My problem is that I actually like bad weather, as long as I do not have to be out in it. Tornado Alley kids all too often turn out this way. We grow up watching some of the most violent and frightening storms that can be thrown at anyone, and wind up either terrified or fascinated, or both. I'm not a tornado chaser, but I do like watching the weather change and marvelling at the swiftness and occasional ferocity of prairie storms. With so much horizon to work from, the weather changes are incredible spectacles. Everything changes in a few heartbeats.



Badlands, South Dakota. Sometimes there is an eerie silence just before the winds roar in.

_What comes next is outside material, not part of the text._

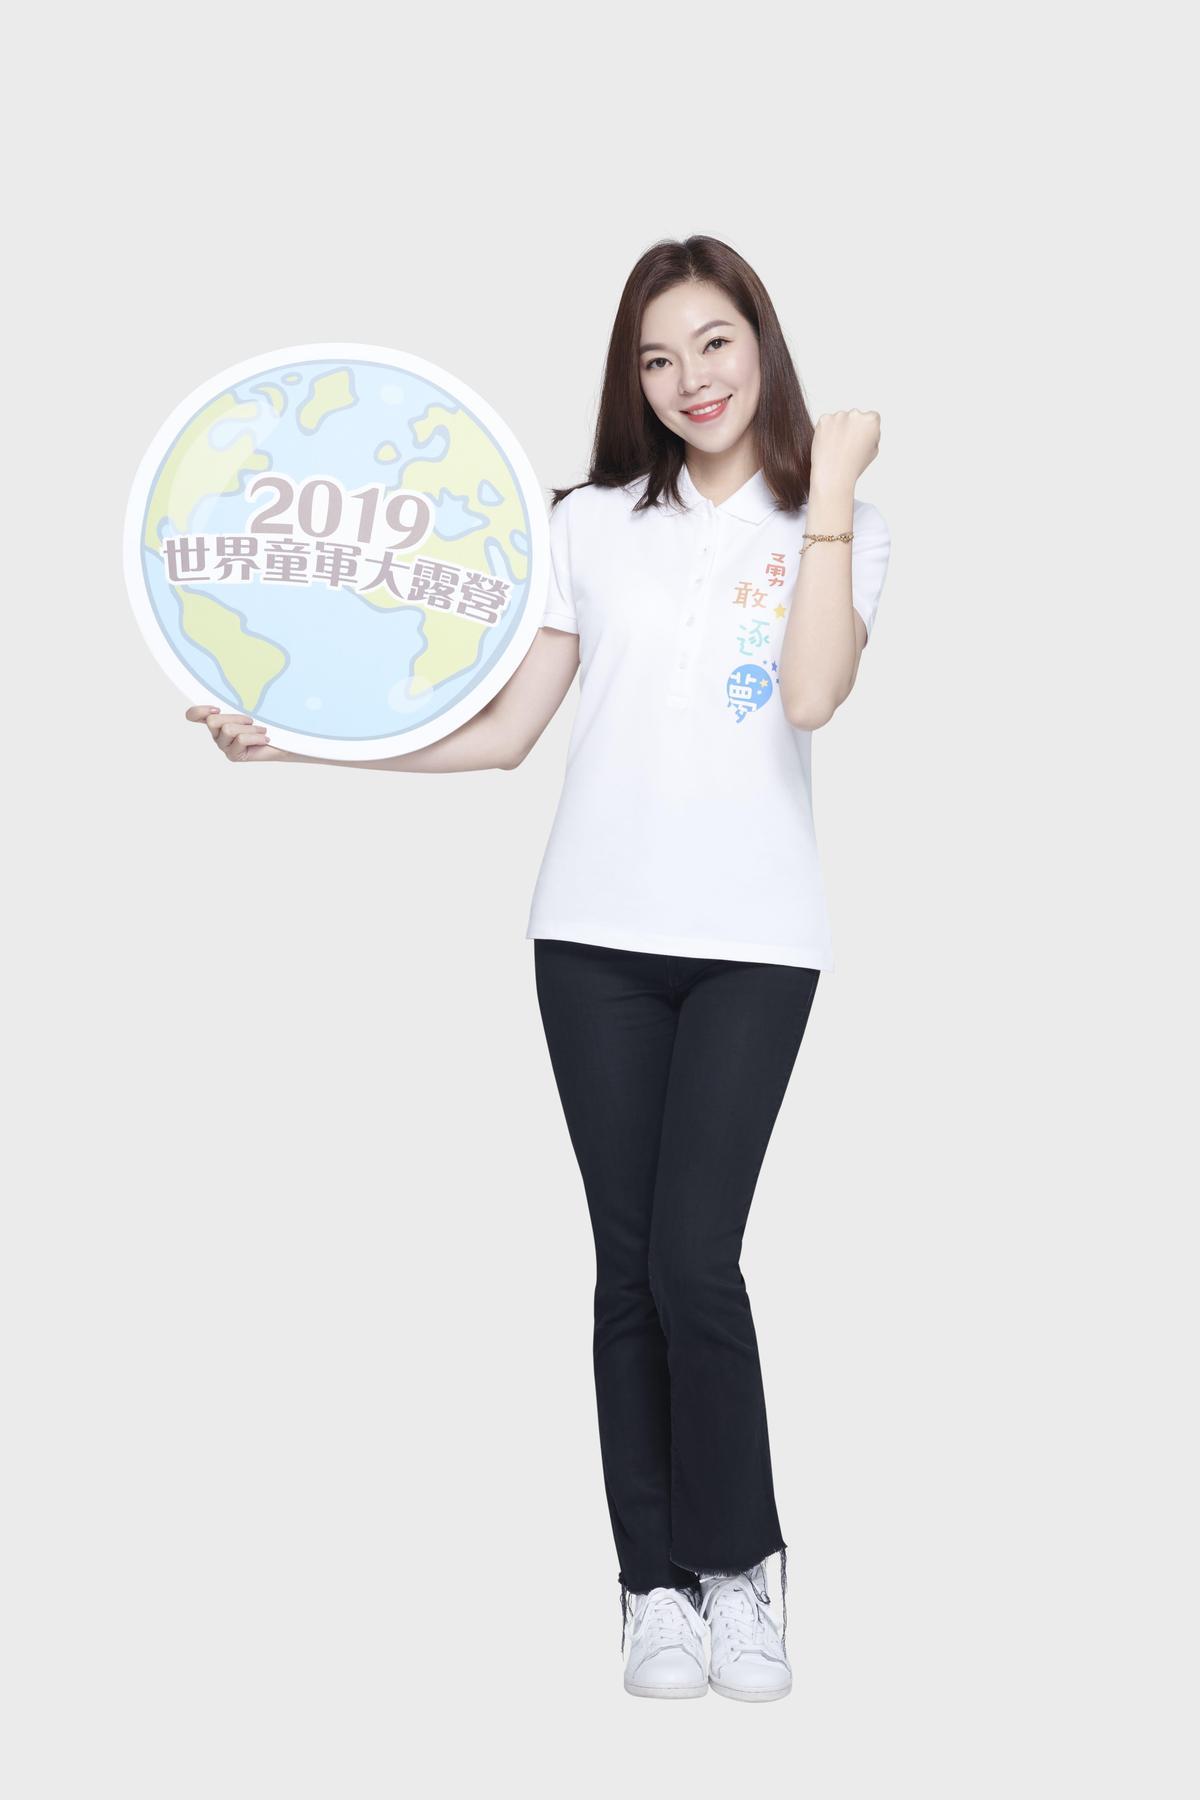 永齡基金會創辦人夫人曾馨瑩女士鼓勵大眾參與2019年美國世界童軍大露營群眾募資,讓動機成為翻轉孩子人生的金鑰。(永齡基金會提供)

Before I moved out here two years ago, a colleague who went to school here in this same program reassured me that the winter storms were not all that bad. Really? Thanks, I said, that's good to know. No, he said, what I am saying is that you won't see most of the blizzards until spring.

And he was exactly right.



Spring in Rapid City, 2009. April, to be exact.

So we're not sure what tomorrow will bring--high winds and snow are likely, unless they're not. I am sure that I'll be watching, fascinated, with hot tea close at hand.